Would Mortgage Rates Create An Impact On Home Recovery?
There has been a great hike in the rates of mortgage, but as far as historical records are concerned, it would not create any impact on the prices of the homes. This is a report stated by Fanni Mae.
Fannie had taken a look into the mortgage rates of 1990 and researched several things on the basis of that. The surprising conclusion of the research was that the rise in rates could have hurt the sales of homes, but they had not any impact on the prices of the homes.
As far as history is concerned, the level in which the interest rates increase will not stop the recovery of the current housing. This is what is stated in the report.

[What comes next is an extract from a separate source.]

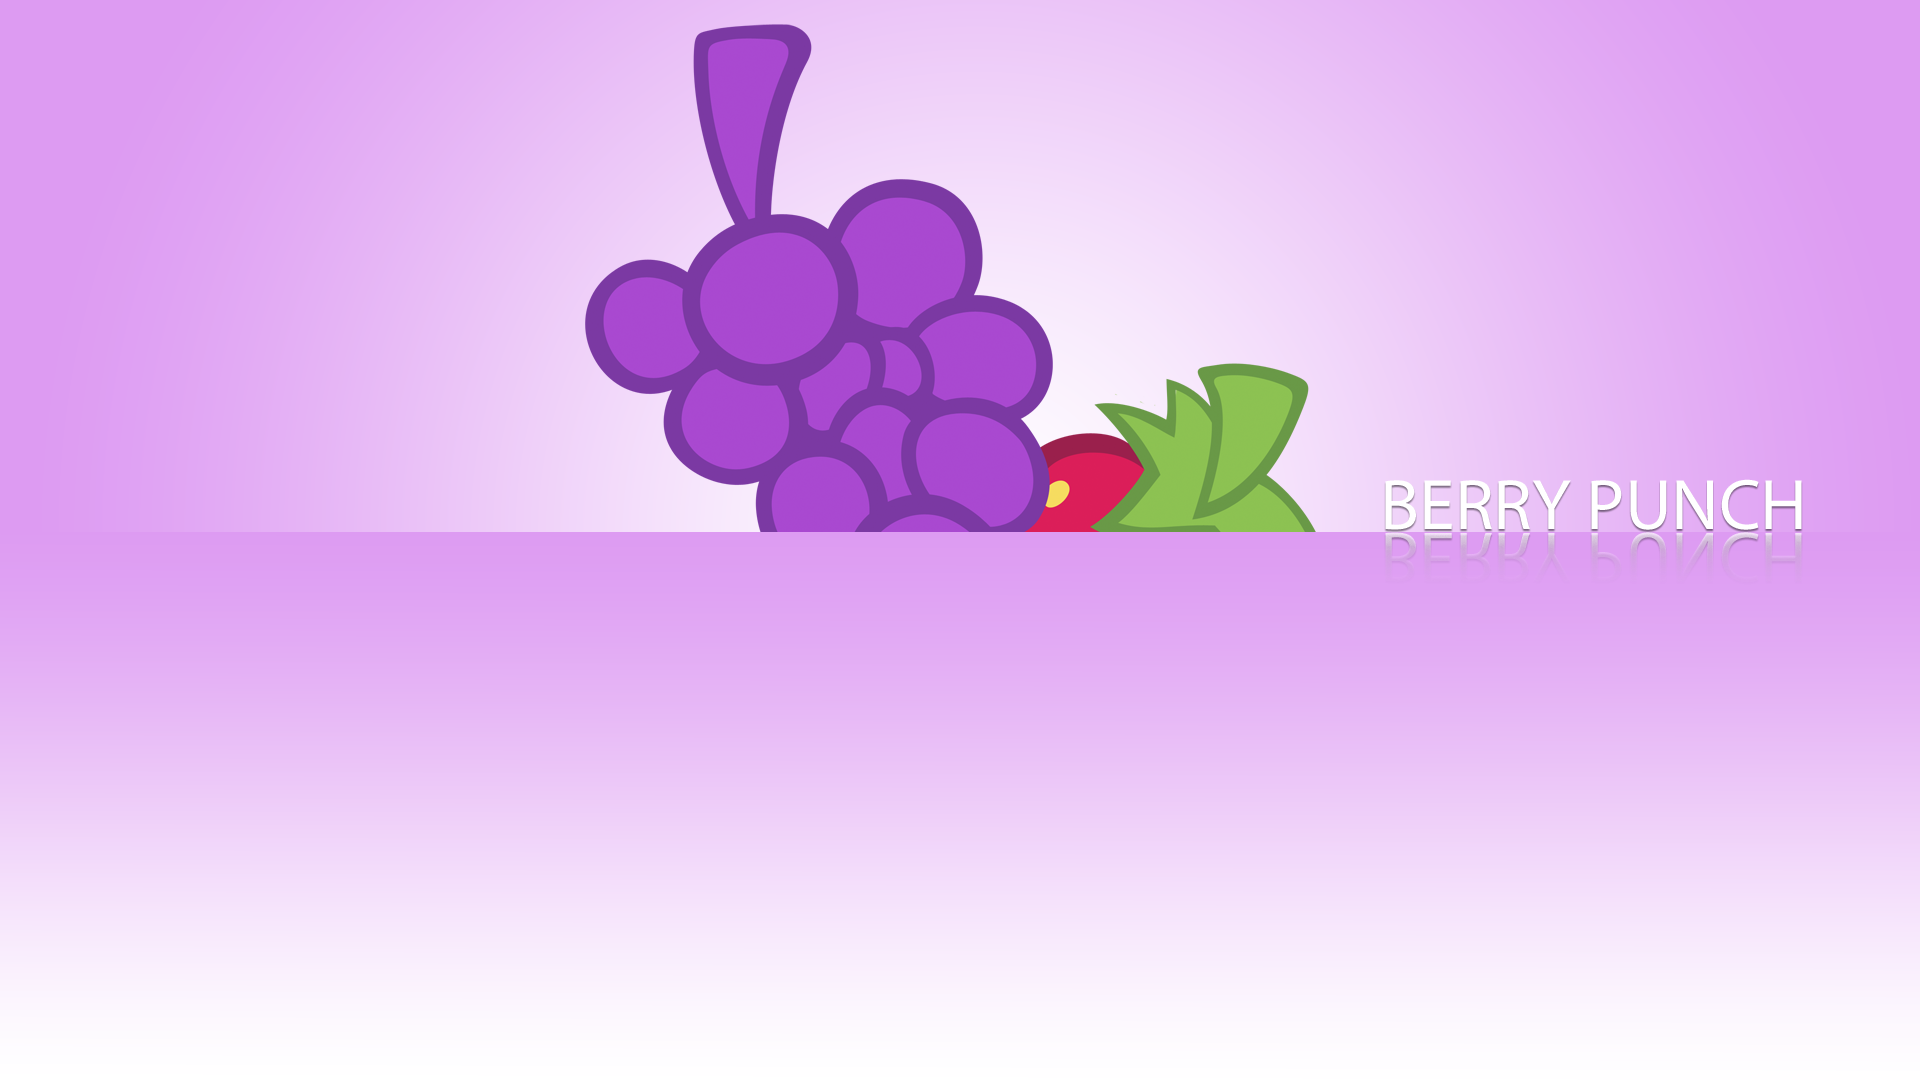 Berry Punch Minimalistic Wallpaper by BlueDragonHans

The study conducted by Fannie also compared the rates of mortgage along with the historical price of homes and the data of sale. The report was focused on two different time periods when the rates increased. The first period was from 1993 October to 1994 December. At this time, the rates increased from 6.8% to 9.2%. On the other hand, the second period was from 1998 October to 2000 May. The rates hiked from 6.7% to 8.5%.
In the early 1990s when the rates increased, the home prices leveled. It then fell down suddenly. However, during the climb of the second rate, there was hardly impact on the prices of the homes.
Mark Palim, who was the lead in the study of Fannie Mae said, “What we see through the ups and downs of rate changes is that sellers are reluctant to lower prices.” At the same time, it was also found that the home buyers are interested to find ways of extending the resources. Thus, they switch to loan rates that are adjustable. This in turn, kept the payments affordable in the initial years.
Palim also claimed that economic trends are largely related with home prices and rates. Thus, in a hot economy, there is a rise in rate. This also increases income and buying tendencies.
The entire research might throw some light on the housing market in the coming months.
Rising Interest Rates Preparation
There are some economists who claim that the rates will surely create an impact on the prices of the homes and also the recovery of the housing market.
A chief economist, Mark Zandi examined the mortgage rates and the data of home price for more than 20 years. He found that for a rise in every percentage, the pace of home price rise was lowered by at least half percentage. He also said that, if sustained, the current rate rise will take some of the steam out of the market”.
At the same time, he also noted that the rise in the current rates is low and mortgages are also affordable. This was claimed on the basis of historical average.
Jay Brinkmann, associated with Mortgage Bankers Association claimed that the increase in rates in the recent years will create an impact on the spending powers of the buyers.
There are people who buy homes for personal reasons. They relocate to work or they fall in love with a house. Thus, the hikes in rates do not stop them from buying homes. They are concerned about which house they buy. Thus, instead of a bigger house they can go for smaller ones or in a less expensive neighborhood. Thus, it does not lower the volume of sales.
A chief economist, Lawrence Yun, however says that the rates of mortgage will create an impact on the volume of sales and this will be ultimately followed by the home prices.